Actually, I jumped on Craigslist right after reading your post and saw those very same posts! If I had the $$, I'd be all over that 45 bottle unit. My arm will not need to be twisted when the money comes available. Right now, if I want to maintain good standing with my wife, I can't touch them though. All in good time...

Yes, I've been thinking about just throwing a coolerdor/coolidor together to help maintain temperature but right now, I can't even justify the expense for a new cooler! That option is more likely to happen though...it's the more cost-effective option and quite frankly I was thinking of just throwing my desktop humidors in there with a bowl of kitty litter and calling it good! Now just to find a good inexpensive cooler...

Regardless, you still have a nice setup. Kudos!


----------



## FridayGt (Oct 24, 2010)

Here's an update teaser picture... lol
I'll post more updated pics on what's actually inside if you want. Not very organized, and just a few more additions. I really need to get drawers and shelves made, but I'm really trying to pinch my pennies right now. Less money spent on cigar stuff, means more to put into my Hobbie savings account which means better project car. I was about $1,000 short of a 1971 Plymouth Roadrunner and it nearly made me cry... sigh... lol


----------



## 4pistonjosh (Nov 10, 2008)

Looks great man.


----------



## WyldKnyght (Apr 1, 2011)

Nice job Jordan, I hope my wineador looks half as good as yours, nice collection of sticks too, I have a ways to go yet before I have a stash that good. Congrats


----------



## BOTLwife (Dec 3, 2010)

I see a CMF in there!! And with the way that stash is looking, I think you're ok to let it be for awhile!! Though I know how hard that is. I think I spend more money buying cigars for Kev than he does for himself, because I see good deals and jump on them. 

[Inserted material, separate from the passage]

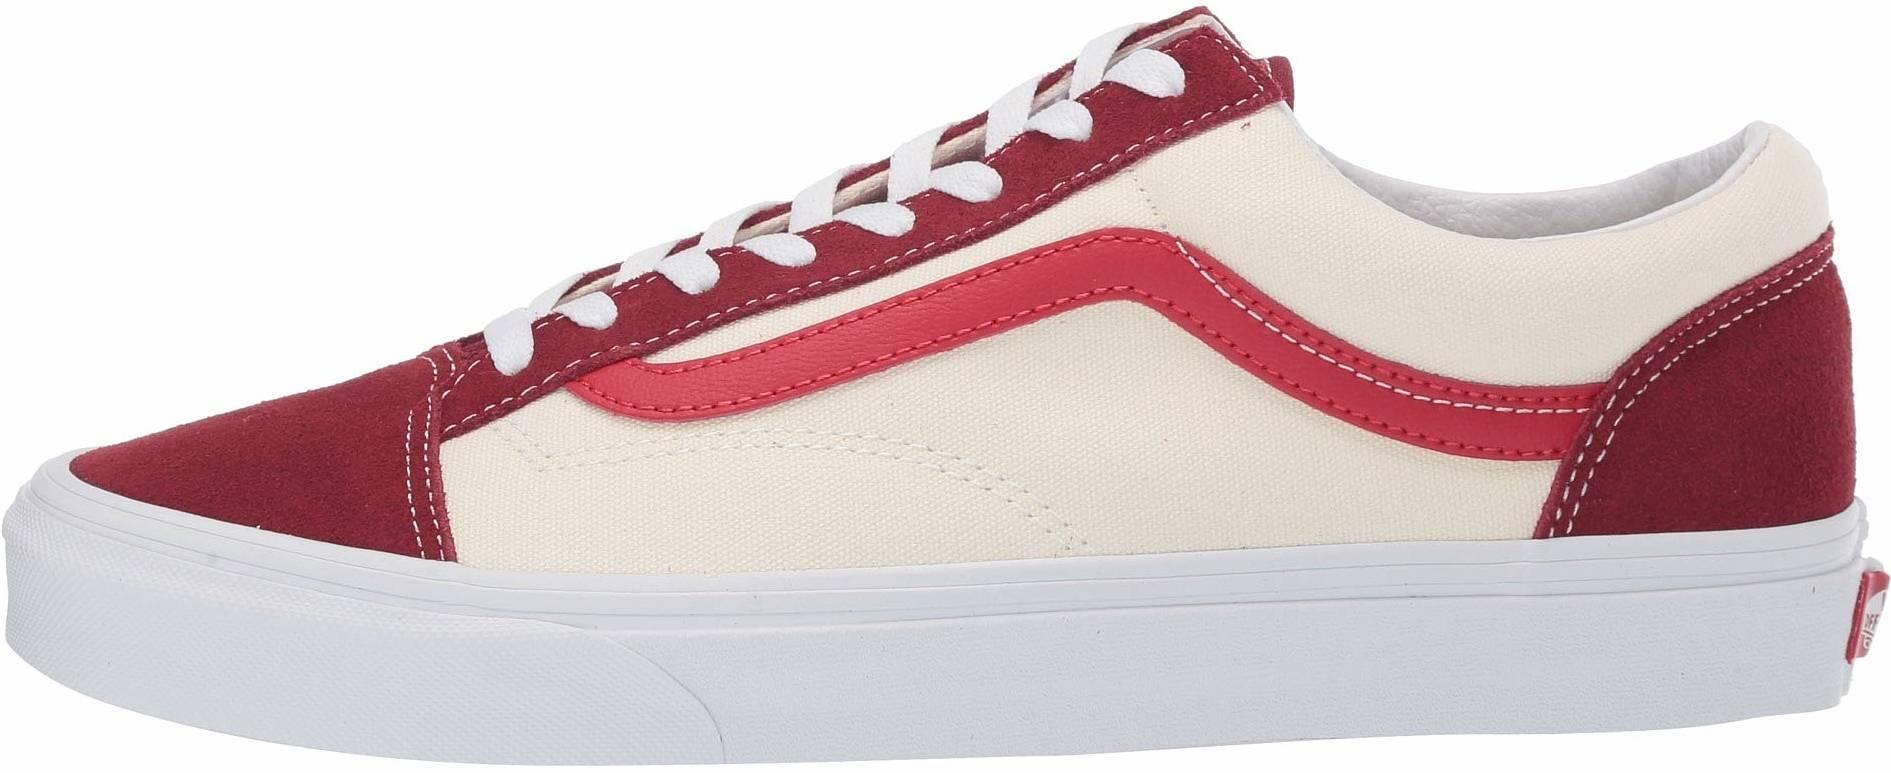 Vans Retro Sport Style 36 sneakers in red orange (only $44 ...

Now, where is the bouncer? I want to see pics of how big hes getting!!


----------



## FridayGt (Oct 24, 2010)

BOTLwife said:


> I see a CMF in there!! And with the way that stash is looking, I think you're ok to let it be for awhile!! Though I know how hard that is. I think I spend more money buying cigars for Kev than he does for himself, because I see good deals and jump on them.
> 
> Now, where is the bouncer? I want to see pics of how big hes getting!!


You do see a CMF! Man, good catch! lol. That's one that Kevin bombed me with! I've REALLY been trying to let it get as much time on it as I can as I heard they can taste a little young. It's driving me bonkers! lol

Oh yeah... the dog... lol. I'll get some pictures of him up tonight when I get home from work. Although, he's going to Doggy Day care, so he'll more than likely be completely knocked out... hahaha


----------



## Oldmso54 (Jul 31, 2010)

Whoa! That thing filled up pretty nicely and pretty quickly! Very, very nice Jordan.


----------



## FridayGt (Oct 24, 2010)

Pictures of the bouncer guarding the stash closely as promised! lol

Here he is staring intently, ready to bark at a moments notice should the humidity drop below 33.4%.









This is him squirming, screaming on the inside "YOU WILL NOT CONTAIN MY FURY!!!"









Then, this is him saying "Wait, ok... maybe I lept to conclusions... This is kinda nice... You can haz cuddles, but only for a minute..."









Here is being frustrated with my pictures interfering with his nappies...









Crouching tiger...









Hidden PIGGIE! Nom nom nom nom









And, here he is passed out from day care! Best money I've spent in a while... lol









The end.


----------



## donovanrichardson (Nov 10, 2010)

Great looking stash there Jordan! Those trays look like they work pretty well in the wineador though for sure. Excellent top shelf and those GH 2002s will be great within a year my man! Thanks for sharing Jordan.


----------



## smelvis (Sep 7, 2009)

Great looking stash and Pup Jordon and say hi to the Mr.s Jordon for me


----------



## FridayGt (Oct 24, 2010)

Thanks everyone and Dave, the Lady says hello back, and, well, the dog snored, but I'm pretty sure he did it affectionately... lol.

Thanks all for the compliments, I can't wait to get some drawers and shelf's made, I just need to hold off to save up and fraudulent charges on my card aint helping for the moment! Sigh, I just see soooo much room to maximize utilized space without sacrificing airflow...


----------



## Batista30 (Sep 13, 2010)

Awesome pics of the sqooshie little thing (the dog, not your girl  ) and your humidor is looking very well organized!


----------



## txemtp69 (Oct 26, 2010)

very nice... anyone ever made a fridgeador?


----------



## Tashy (Apr 5, 2011)

Great looking wineador Jordan. Won't be long before it's full.


----------



## BMack (Dec 8, 2010)

LOL, look at Biggie's fat legs! That's a-freaking-dorable!


----------